* _EXERCISE DIRECTIONS_: Every line below is to be given again precisely; images are to be left out.

* _SUPPLIED INFORMATION_:
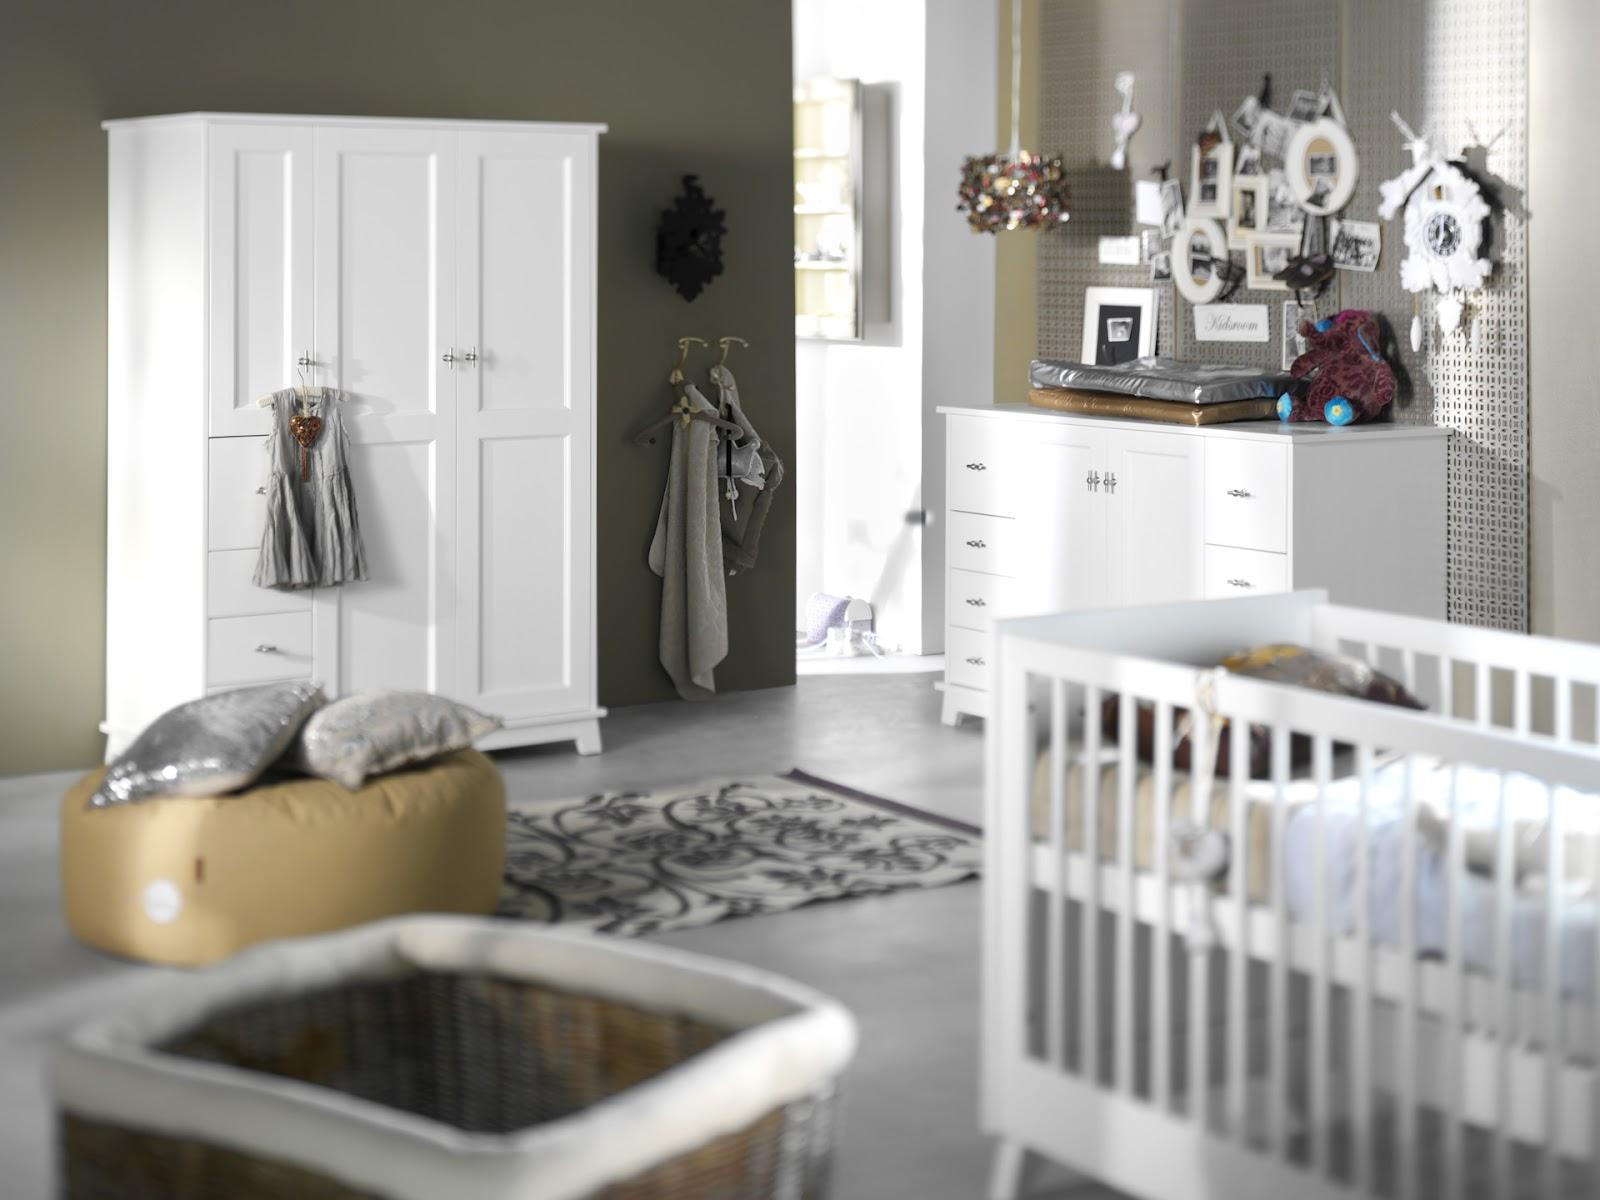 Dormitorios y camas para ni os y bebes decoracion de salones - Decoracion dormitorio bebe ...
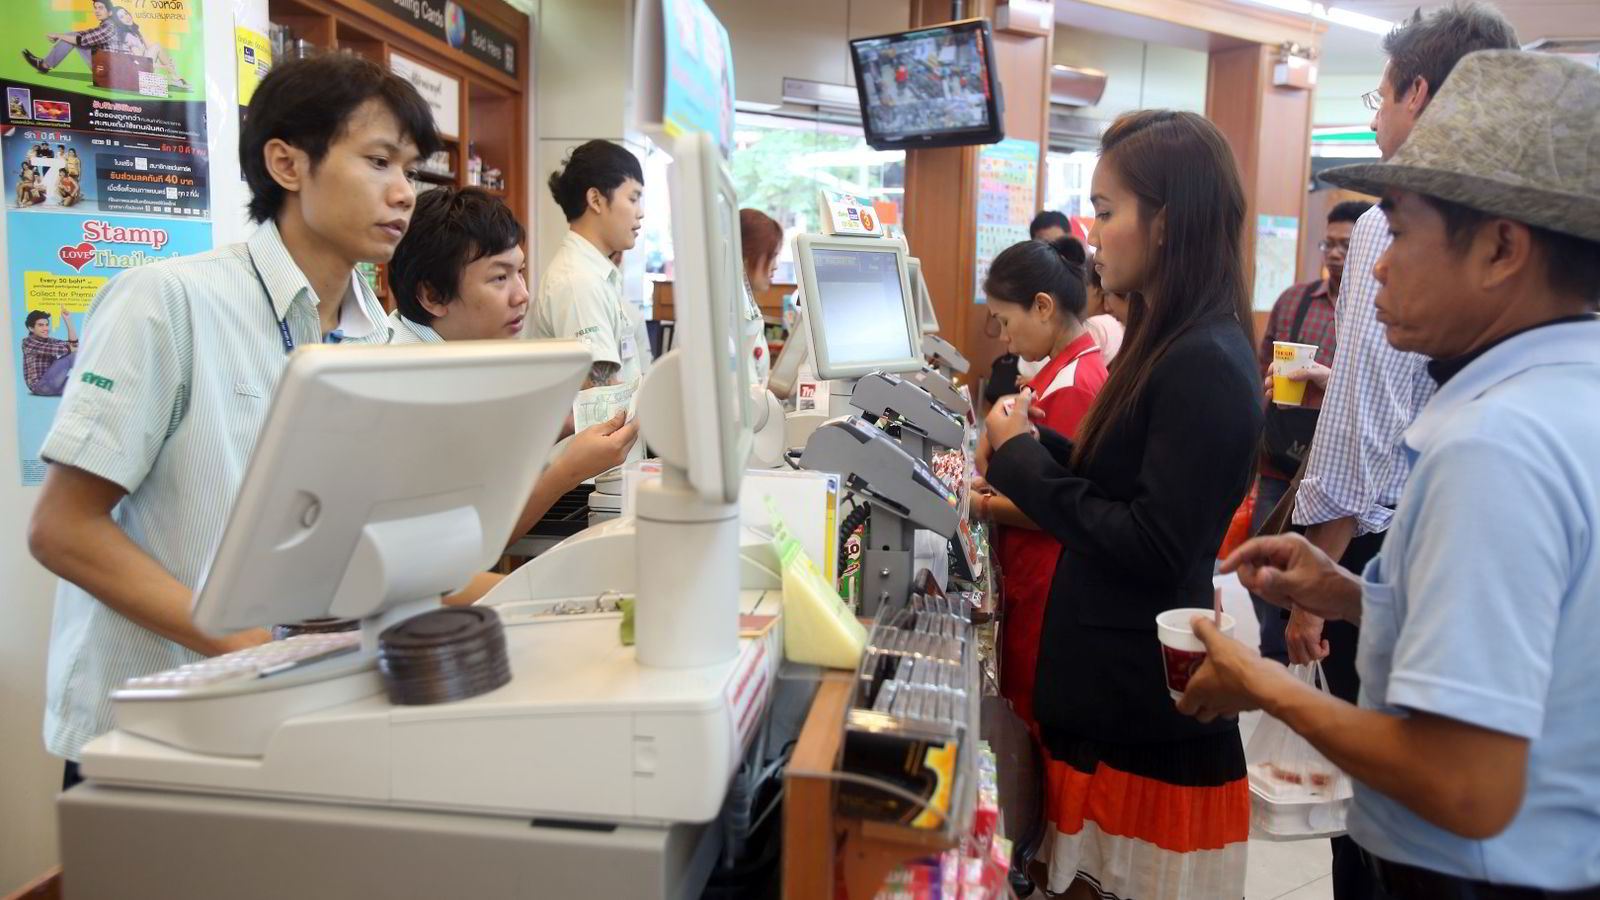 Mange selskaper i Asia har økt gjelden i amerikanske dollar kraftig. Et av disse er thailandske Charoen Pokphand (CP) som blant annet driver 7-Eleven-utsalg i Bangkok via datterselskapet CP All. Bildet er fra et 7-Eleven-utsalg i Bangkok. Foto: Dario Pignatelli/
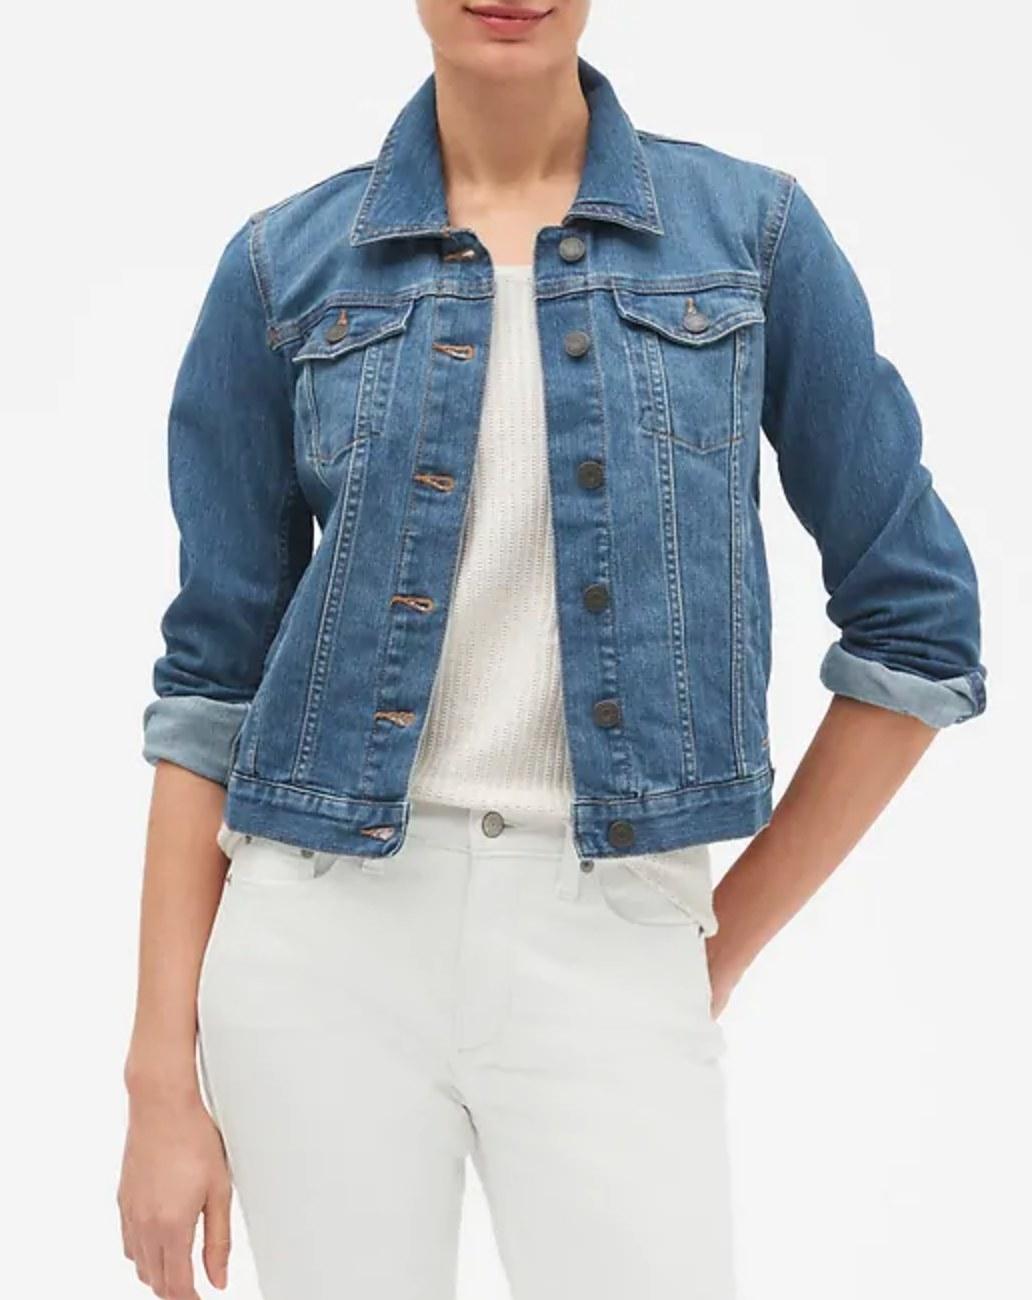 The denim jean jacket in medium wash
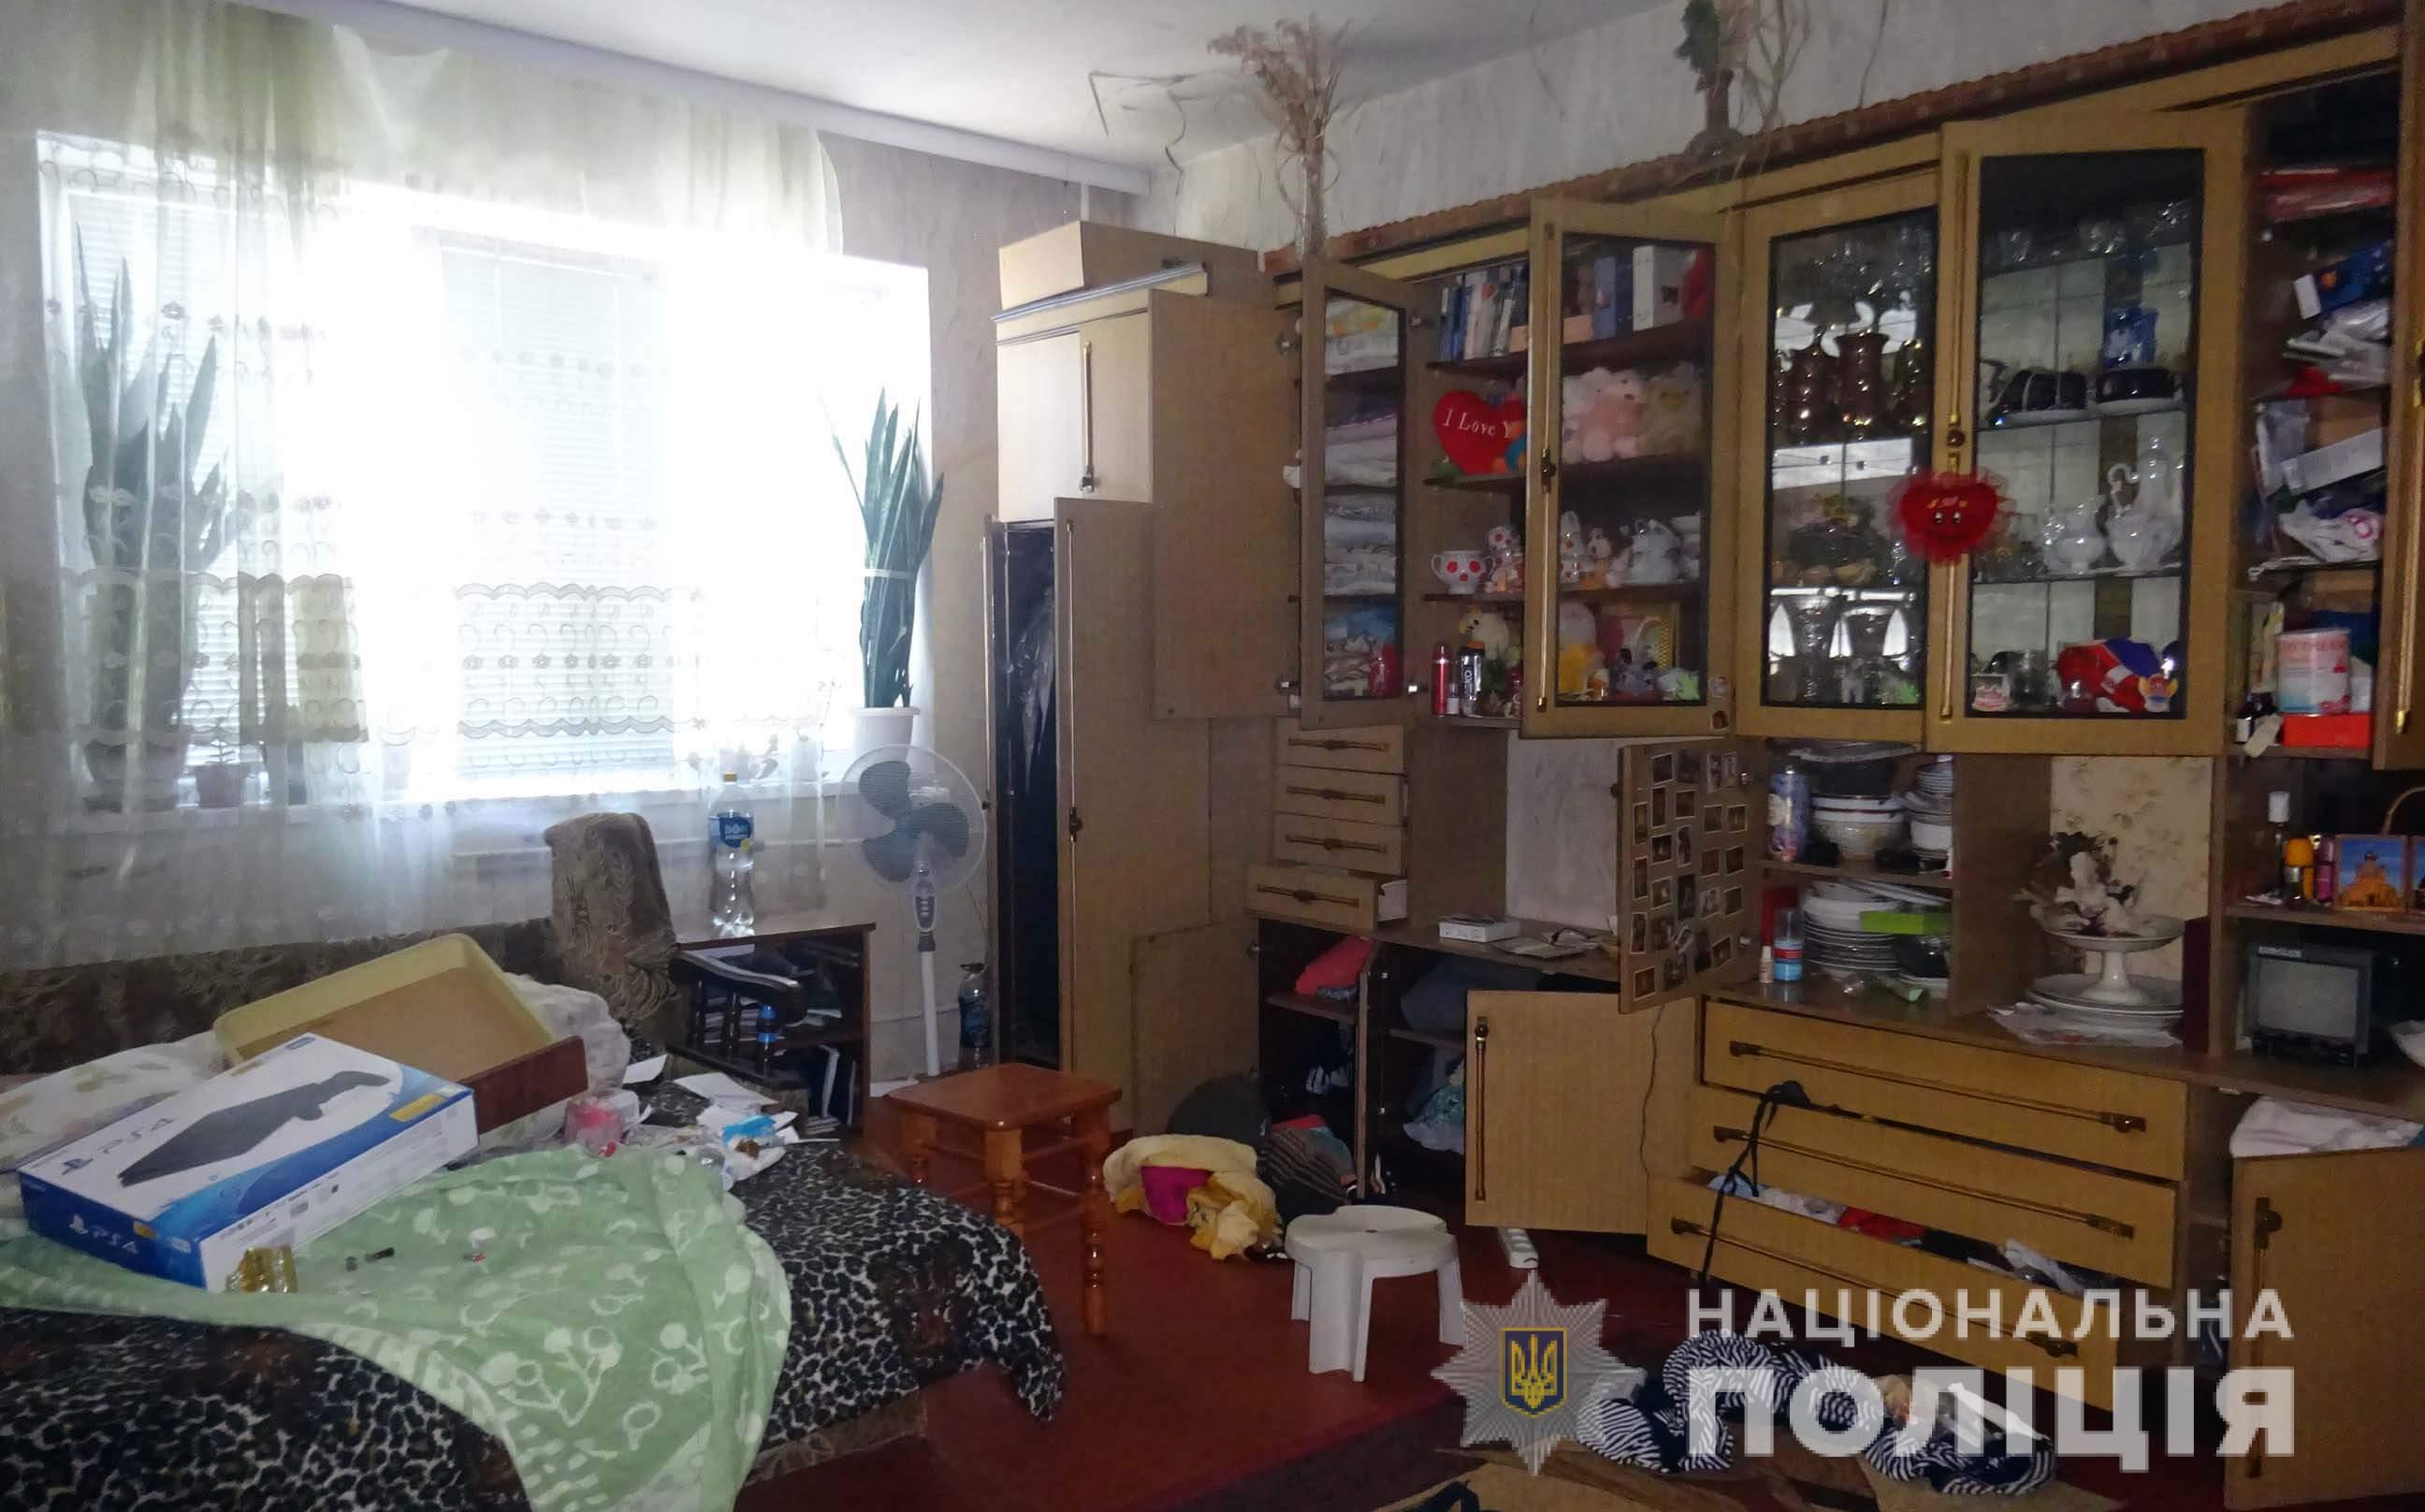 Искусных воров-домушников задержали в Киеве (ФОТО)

* _THE ANSWER_:
 Dormitorios y camas para ni os y bebes decoracion de salones - Decoracion dormitorio bebe ...
 Mange selskaper i Asia har økt gjelden i amerikanske dollar kraftig. Et av disse er thailandske Charoen Pokphand (CP) som blant annet driver 7-Eleven-utsalg i Bangkok via datterselskapet CP All. Bildet er fra et 7-Eleven-utsalg i Bangkok. Foto: Dario Pignatelli/
 The denim jean jacket in medium wash
 Искусных воров-домушников задержали в Киеве (ФОТО)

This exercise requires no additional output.